Funny Girl

Roger Nicholas Holmes was born in the Bushey Maternity Hospital, three weeks after the last episode of the third series had been broadcast. It was a relatively short labour, five hours, but it seemed like an eternity to Tony. He had started off in the corridor outside the maternity ward, smoking and attempting to do the Times crossword, but the terrible noises and the occasionally urgent dashes of the midwives and nurses upset him too much, so in the end he went to the pub, and came back on the hour every hour until eventually he was presented with a thirty-five-minute-old son.

 

He’d been worried that he wouldn’t feel enough. He’d wept when Barbara had had her baby in the series, which he’d hoped at the time was an indication of normal human emotions, but afterwards he wondered whether the tears had come because of his investment in the programme, or because he always found it easy to cry at things that weren’t real.
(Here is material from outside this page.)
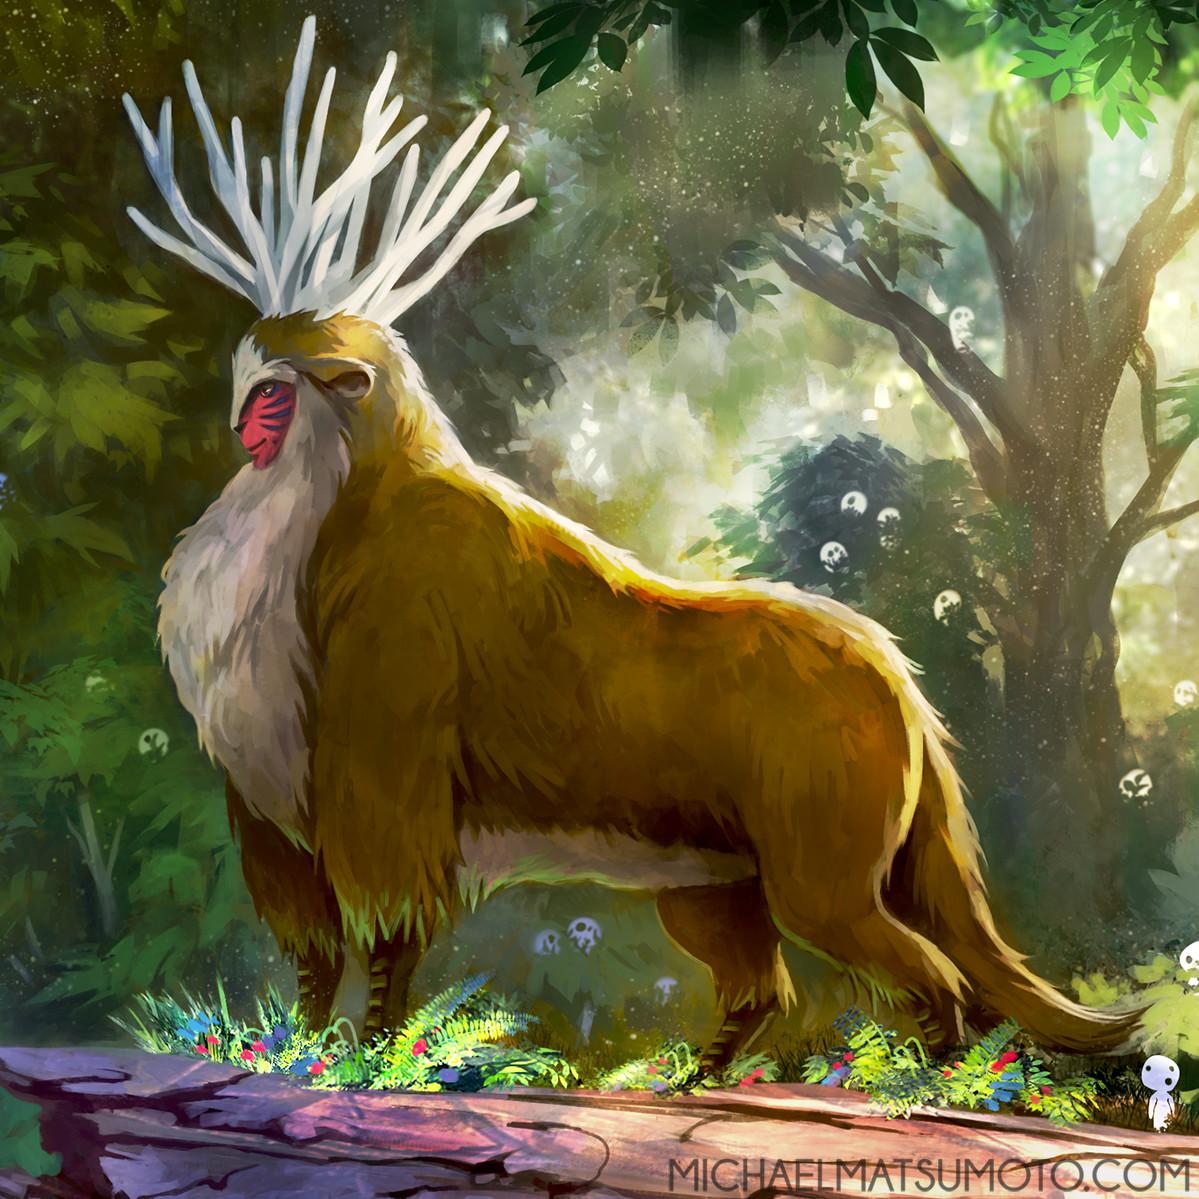 Michael matsumoto forest spirit web detail 02

He’d been in a right mess at the end of The Sound of Music, for example. But when he held his son for the first time, he was beset immediately by spasmodic and uncontrollable sobs that seemed to start right deep in his stomach. He needn’t have worried. Everyone loved their own children, it turned out. Tony wished there was a way that homosexual men could be given this moment. He’d like Bill to feel what he was feeling.

 

‘You OK?’ said June.

 

‘Yes,’ he said. ‘Very. Thank you.’

 

‘That’s all right.’

 

‘I meant, thank you for everything, not thank you for asking. Thank you for sticking with it. Thank you for him.’

 

It was an inappropriate thought, but the baby wasn’t so much like a love child, the effortless product of the blissful or even oblivious union of two people. He was a different sort of miracle, the effortful product of a tricky collaboration between unlikely partners. He was their version of a television programme.

 

June and Tony spent a contented few weeks walking and sitting in parks eating ice creams while their newborn slept, and then, after the phoney war, the job of being a husband and a father started properly. It turned out to be a difficult job too. The baby had made everything seem solid and frightening, and Tony was finding it much harder to breathe, all of a sudden. If being part of a family was a job like any other, then Tony would have been counting the days until Christmas, and the other holidays to come, but there was no respite, and there never would be. He didn’t even enjoy the return to the office, because he had a living to earn – a proper, serious living, enough for three people. Everything was down to him, now that June had given up work. He had to turn the contents of his head into prams and rusks and reins and mortgage payments, and suddenly there seemed to be less in there than he’d hoped. Each listless hour spent shooting paperclips at the light fittings with a rubber band, or listening to music on the record player they kept in the office, seemed ominous, rather than an indulgent part of the routine. Could he seriously keep this going for ever? Was it really possible to come up with enough ideas – for lines, jokes, characters, plots, episodes – to feed and clothe and educate a child?

 

He was relying on Bill, and Bill had disappeared. He came to the office every day, but he wasn’t there, and didn’t even seem to want to be there. He spent most of the time playing the Beatles’ Revolver LP over and over and over again, until Tony started to dislike it.

 

‘Do you remember when they were all “I love you yeah yeah yeah”?’ said Bill.

 

‘ “She loves you”, I think,’ said Tony.

 

‘Same difference.’

 

‘What about it anyway?’

 

‘They’ve gone from that to this in whatever it is … three years. Where have we gone?’

 

‘Where do you want to go? Where should we be going?’

 

‘Moving.’

 

‘Moving where?’

 

‘I can’t think of a single new permutation of domestic life. The in-laws to stay. Going to stay with the in-laws. Anniversaries. Embarrassing dinner parties at home. Embarrassing dinner parties out. Babies. Bathrooms. Nannies. New carpets.’

 

‘Moving!’ said Tony. ‘That’s brilliant! “The New House”.’

 

Bill shrugged.

 

‘Might as well. We haven’t got anything else.’

 

‘You don’t seem very excited about it.’

 

‘It’s not a seam we’re going to be mining in five years’ time, is it? If we’re still banging on about it in episode two we’ll be stretching it thin.’

 

‘What’s brought this on?’

 

‘I dunno.’

 

‘Till Death Us Do Part?’

 

The series was showing now, and everybody was talking about it, and nobody was talking about Barbara (and Jim) any more because nobody ever talked about two television programmes at once, especially when one of them was old hat. Alf Ramsey had turned into Alf Garnett – Alf Ramsey had just won the World Cup for England, and nobody, least of all the BBC, wanted his newly hallowed name besmirched by the fictional character’s bigotry and belligerence. But otherwise Alf was the same character, and, somewhat alarmingly, the people of Britain loved him, in ways that his creator might not have intended.